During the last ten years, 205 OFCT were done in 155 patients for FA diagnosis or to confirm the development of tolerance. Among all tests: 46 were open challenge (median age: 23 mo) and 159 blind challenges (median age: 52 mo) being 3 of them simple blind and 156 double blind placebo controlled challenge test (DBPCCT) Milk was the most frequent food evaluated (n=194), followed by egg(n=9) and wheat (n=2). Anaphylaxis criteria were based on Sampson et al, 2006. All the patients’ guardians signed an informed consent form.
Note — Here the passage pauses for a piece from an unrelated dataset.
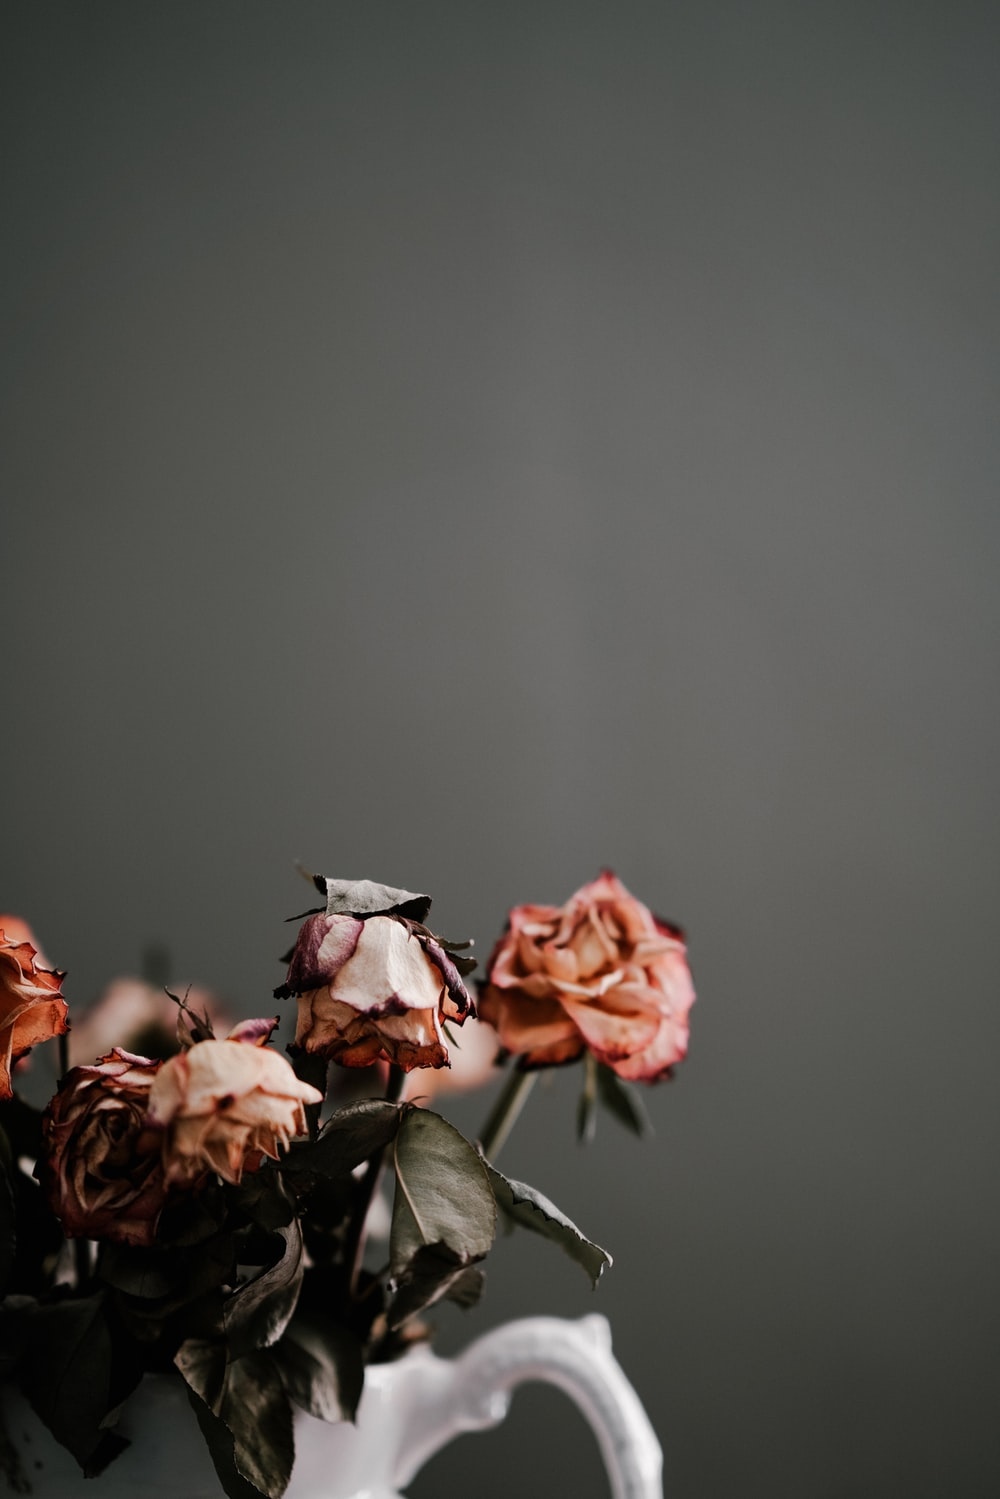 roses on vase

From 205 OFCT performed, 17 (8.3%) of them resulted in anaphylaxis, being 13 during DBPCCT. Median age of anaphylactic patients was 6.12 years (range1.28-14.30y). Among these patients, 12 referred previous anaphylaxis. During the OFTC with milk, clinical initial symptoms were runny and itchy nose, cough, itchy throat and redness of face. During anaphylaxis episodes, the cutaneous symptoms were the most frequent (100%) followed by respiratory (70.5%) and gastrointestinal (52.9%) ones. The clinical manifestations started with variable milk volumes (median 5 ml-from 1 to101ml) and anaphylaxis was diagnosed with median volume of 16 ml (1-101 ml). Epinephrine IM was administered in 10 patients at outer thigh in recommended doses and the others recovery with antihistamines or bronchodilators. Biphasic reaction was not observed in any patients. All of them showed complete recovery, without necessity of intensive care.
In this study, mild respiratory symptoms were observed immediately before the anaphylaxis episode although not reported in the clinical history. The prompt recognizing and approach to anaphylaxis avoided more severe complications, being the OFCT safe and still considered an important tool in FA diagnosis.